# Funnny Mini-Mule Ad



## jillybean19 (Dec 23, 2011)

I was looking at pictures of mini mules and got a good laugh out of this one. I love the pic, and the explanation in the text. Just thought I'd share 

TINY BEAUTIFUL PAINT MINI MULE | Monterey | eBay Classifieds (Kijiji) | 20268406

He is definitely not ready to "go" yet as she says!


----------



## COWCHICK77 (Jun 21, 2010)

Bah ha ha!


----------



## Failbhe (May 8, 2012)

So cute!


----------



## dctack (Jul 6, 2012)

How adorable!!


----------



## Roperchick (Feb 1, 2010)

u go babeh! tell them kids how it is! haha


----------



## smrobs (Jul 30, 2008)

LOL, typical mule!


----------



## COWCHICK77 (Jun 21, 2010)

If he was about $1450 cheaper, I would own him!


----------



## AllyCee (Jun 26, 2012)

Too Cute!


----------



## ThirteenAcres (Apr 27, 2012)

O...m...g. I want it.


----------



## FeatheredFeet (Jan 27, 2010)

Cute ad, but too bad they are allowing very young children to actually train him. He'll possibly hate kids now. 

Lizzie


----------



## PintoTess (Aug 18, 2010)

OMG hah! Thats cute


----------



## AngieLee (Feb 20, 2011)

thats adorable haha!


----------



## Silent one (Aug 22, 2011)

Yep, he definitely is not ready to "go" yet, LOL!


----------



## Endiku (Dec 6, 2010)

LOL. I know that pose all too well...

as opposed to common belief...Tempest very well knows how to lead. She'd just rather not right now 









darned mules and their cute little selves, its hard to stay angry with them for long.

$1,900 for one though? Er...no thanks.


----------



## Golden Horse (Feb 20, 2010)

COWCHICK77 said:


> If he was about $1450 cheaper, I would own him!


We'd be fighting over him:wink:


----------



## Rachel1786 (Nov 14, 2010)

Endiku said:


> LOL. I know that pose all too well...
> 
> as opposed to common belief...Tempest very well knows how to lead.
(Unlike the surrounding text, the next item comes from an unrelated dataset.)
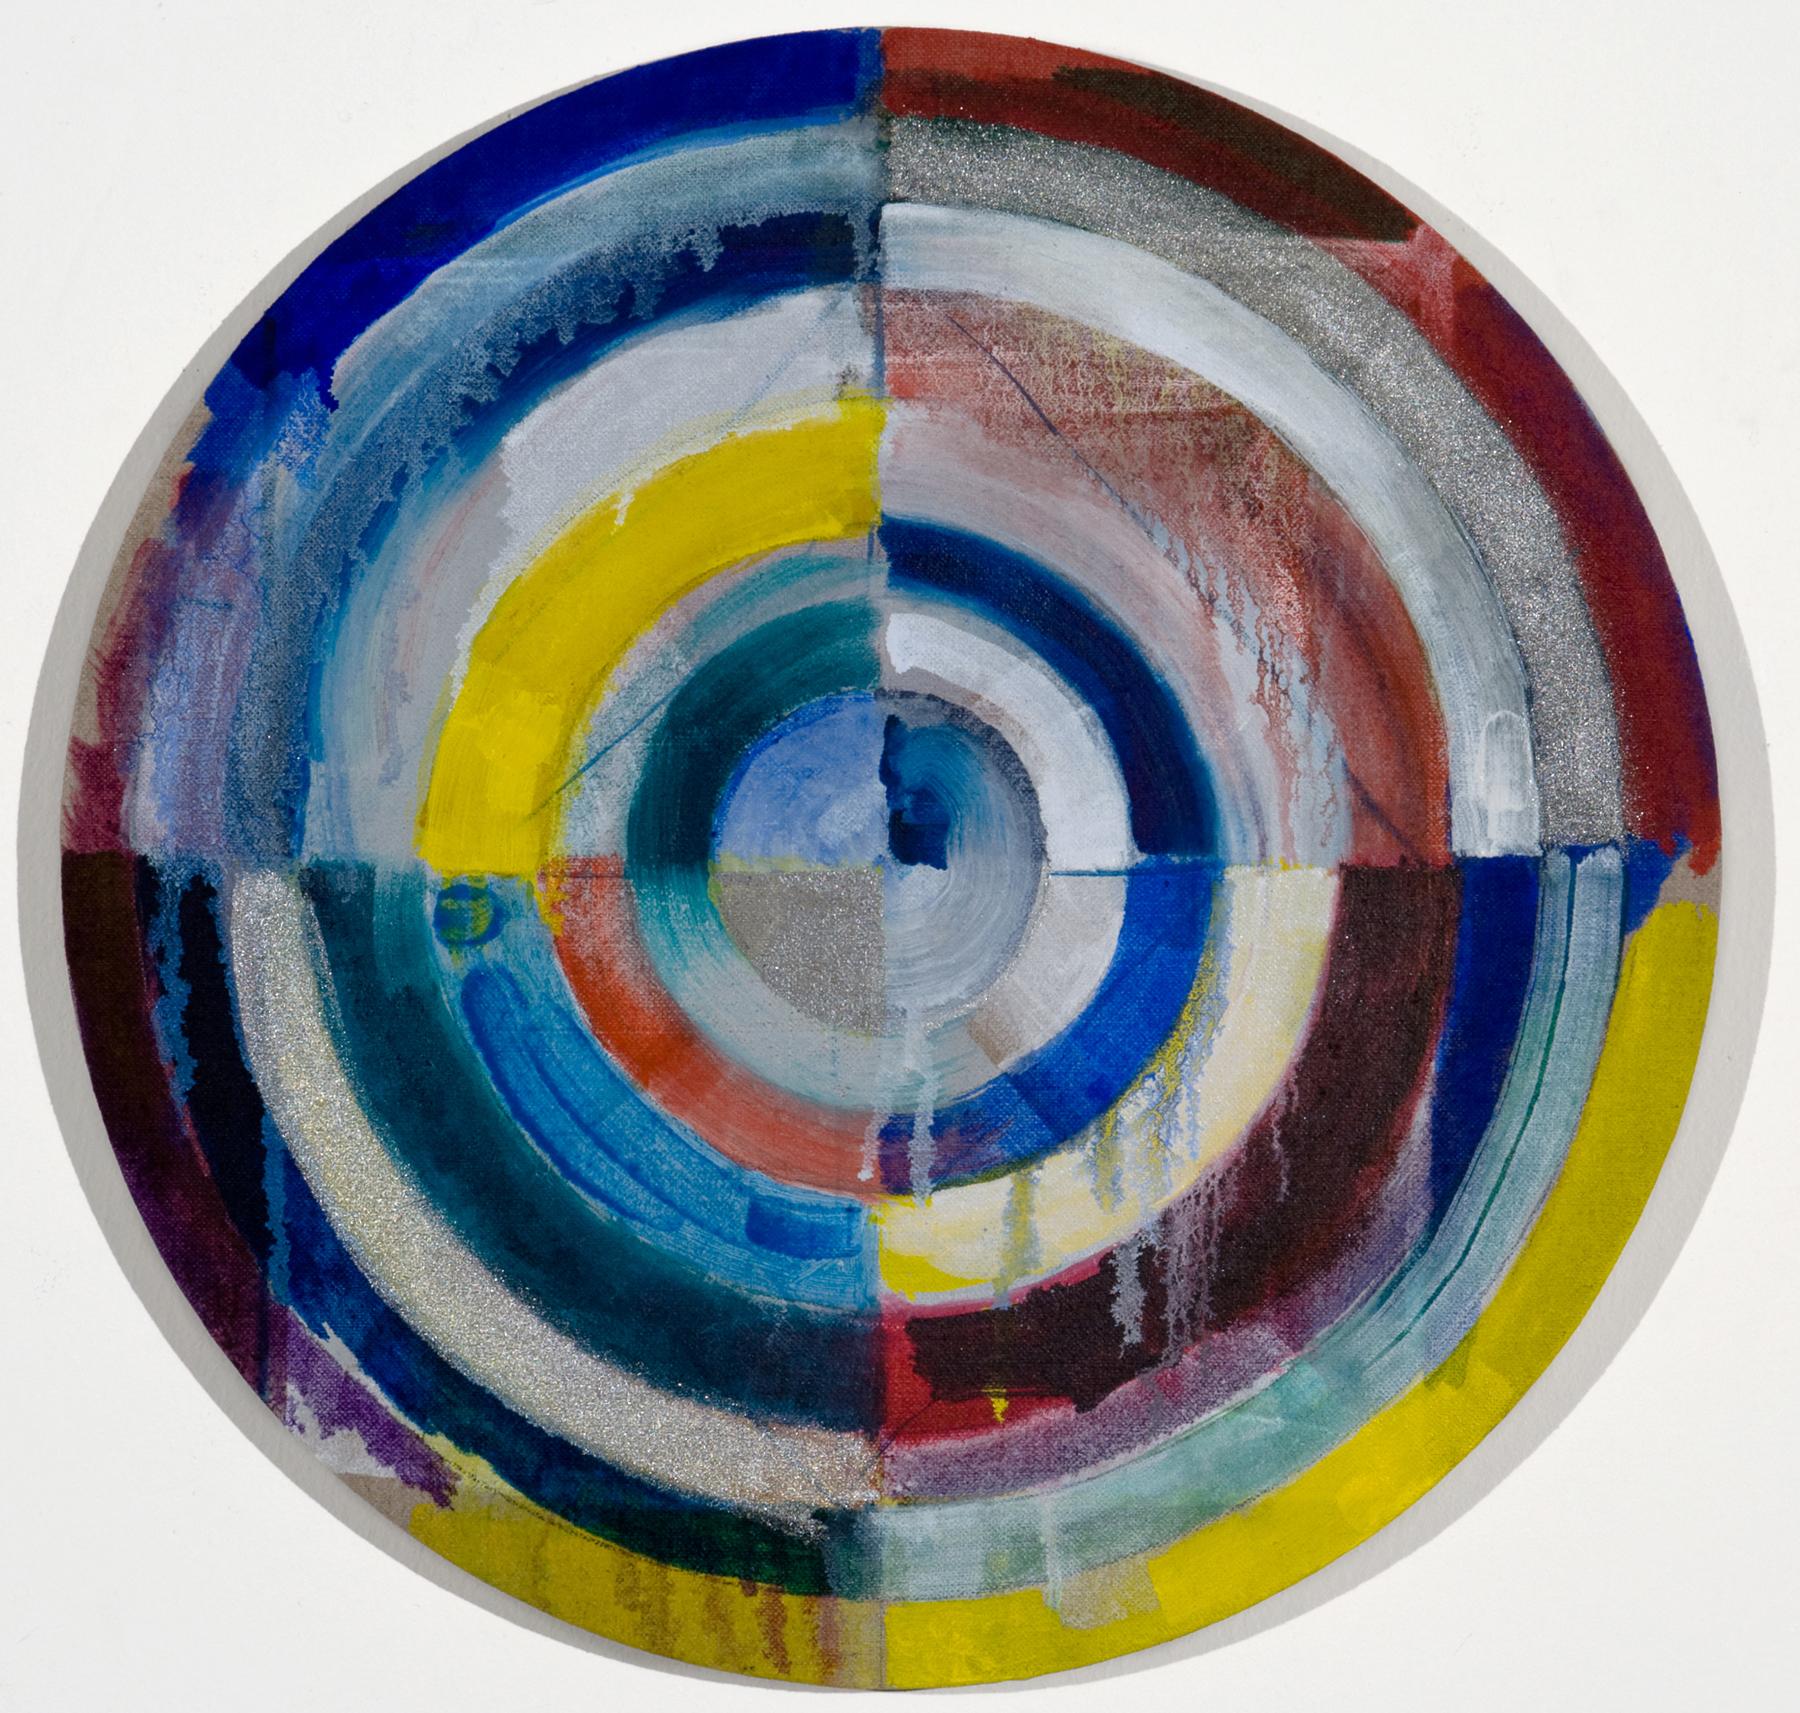 "PAMELA JORDEN  [BACK ROOM] Untitled, oil on linen, 14.875"", 2011"

She'd just rather not right now
> 
> ...


Sometimes my 16hh 15 year old OTTB pretends she is a mule and practices this pose :twisted::lol:, who would of thought a horse her age would go through an identity crisis


----------



## Endiku (Dec 6, 2010)

^ thats halarious! Maybe she's 1/16th mule somewhere in there?


----------